Il fico è un albero citato più volte nella Bibbia ed è considerato, insieme alla vite, un albero buono che dà buoni frutti. Alla sua ombra si trova ristoro
dall’arsura, quindi è anche un luogo particolarmente adatto per la lettura e
la meditazione. Natanaele è dunque l’uomo dell’ascolto, assorto e incline ai
silenzi meditativi. E l’icona così lo rappresenta: seduto al fuoco dell’amore
ritrovato, rivestito di speranza (verde), rapito dal mistero che scruta con
timore, silente all’ascolto della Voce.
I figli di Zebedeo: Giacomo e Giovanni, "figli del tuono"
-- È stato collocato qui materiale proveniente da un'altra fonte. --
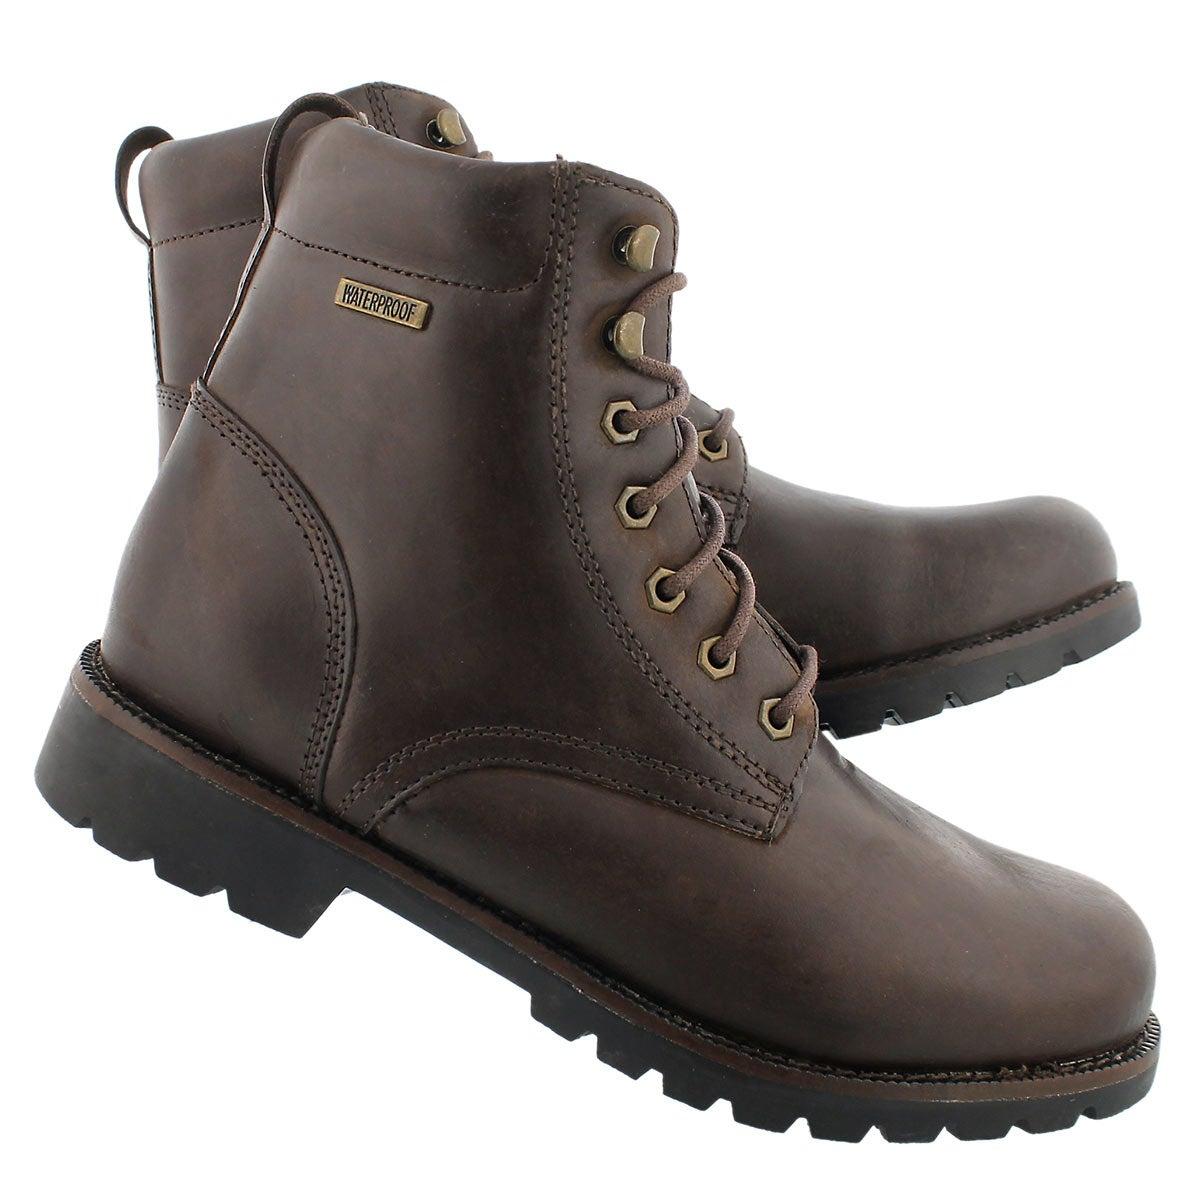 Mns Maddux brn wtpf lace-up winter boot
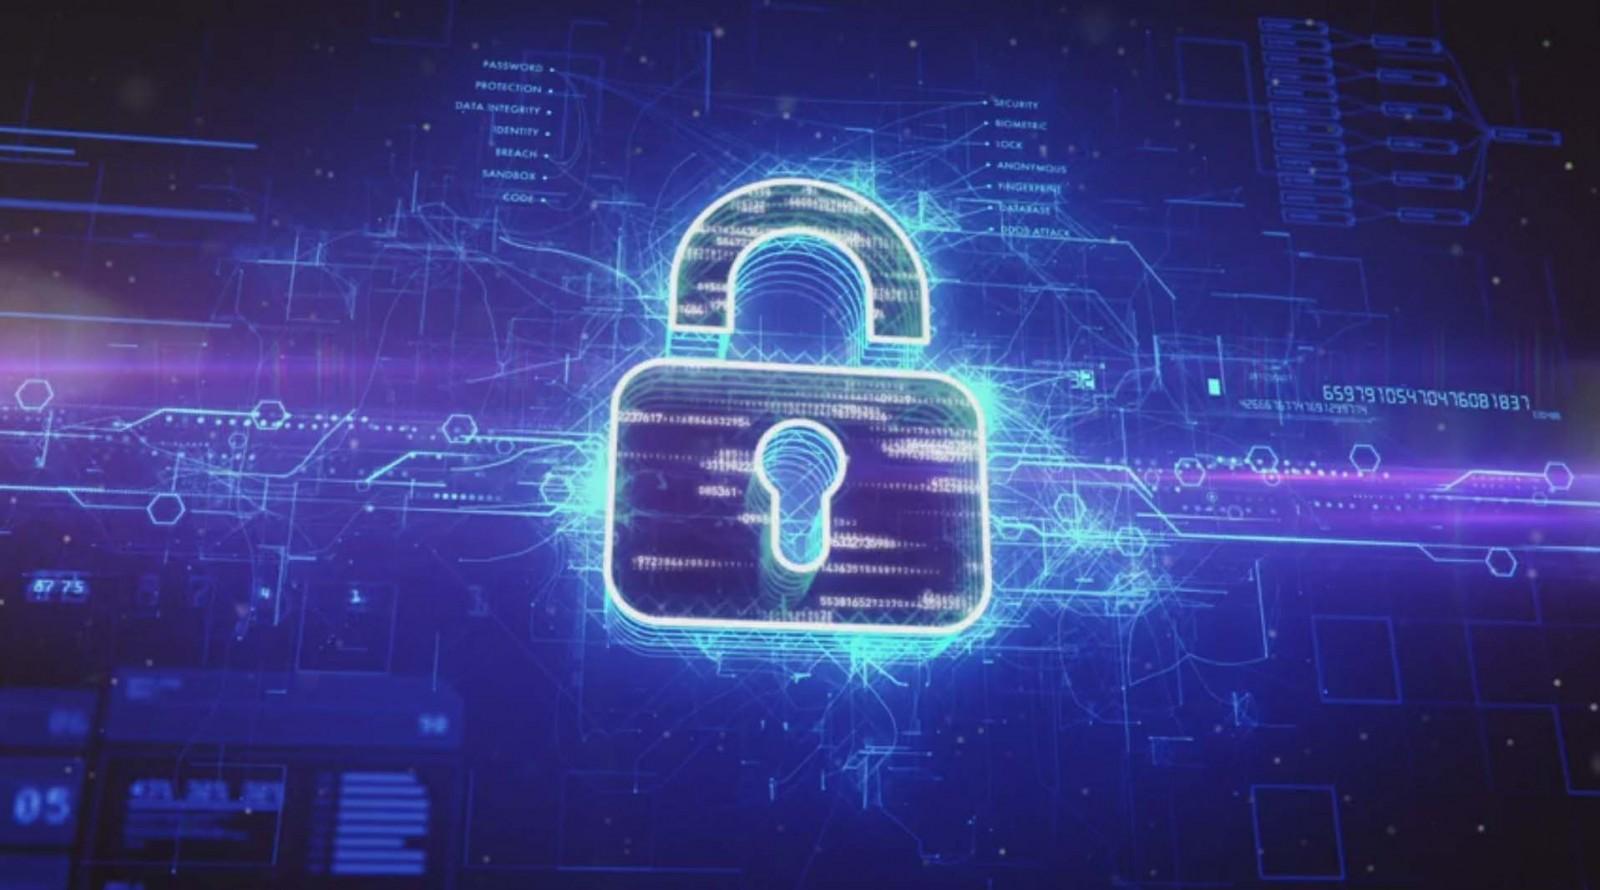 Глобальний світ. Про шифрування та анонімність цифрових повідомлень

(Mc 3,17), due uomini collerici, ma pronti allo slancio, caratterizzati da un certo zelo intemperante misto all’ambizione (Mc
10,35, cfr. Mt 20,20; Lc 9,49-50 e 54).
Giacomo è raccolto dentro una tunica color avorio che copre anche il suo capo. E’ tutto avvolto nell’unicità del mistero, finalmente pacato.
Giovanni è rappresentato nell’atto di tendere la destra in cenno
d’assenso. E’ il suo “Amen!” a questa liturgia celebrata sotto il
cielo, ma anche l’adesione ad un mandato, l’esercizio di un ministero: “Fate questo in memoria di me!” (Lc 22,19).
Altri due discepoli: il Vangelo non notifica i loro nomi.
Forse un modo per far dire a ciascuno di noi: lì ci sono anche io!
L’icona li raffigura in ginocchio, accovacciati davanti alla
pietra-altare, dinanzi al Cristo-sacerdote, tra i fratelli: guardano
con stupore e amore verso colui che nutre l’anima. Sono a piedi
nudi, come Mosè dinanzi al roveto ardente, mentre il movimento delle loro mani racconta di un dinamismo tutto interiore che
li pervade impregnandoli di eterna bellezza, d’infinita carità, di
puro amore.
Insomma, nei sette, numero della pienezza, una carrellata d’umanità variegata, nella
quale ognuno di noi può scorgere un tratto del proprio carattere, sentendosi anche chiamati in
causa e, al contempo, coinvolti nell’invito di Gesù: “Venite a mangiare”.
PER LA PREGHIERA
Guardando al Signore, diciamo e ridiciamo:
“Signore, da chi andremo? Tu hai parole di vita eterna
e noi abbiamo creduto e conosciuto che tu sei il Santo di Dio” (Gv 6,68-69).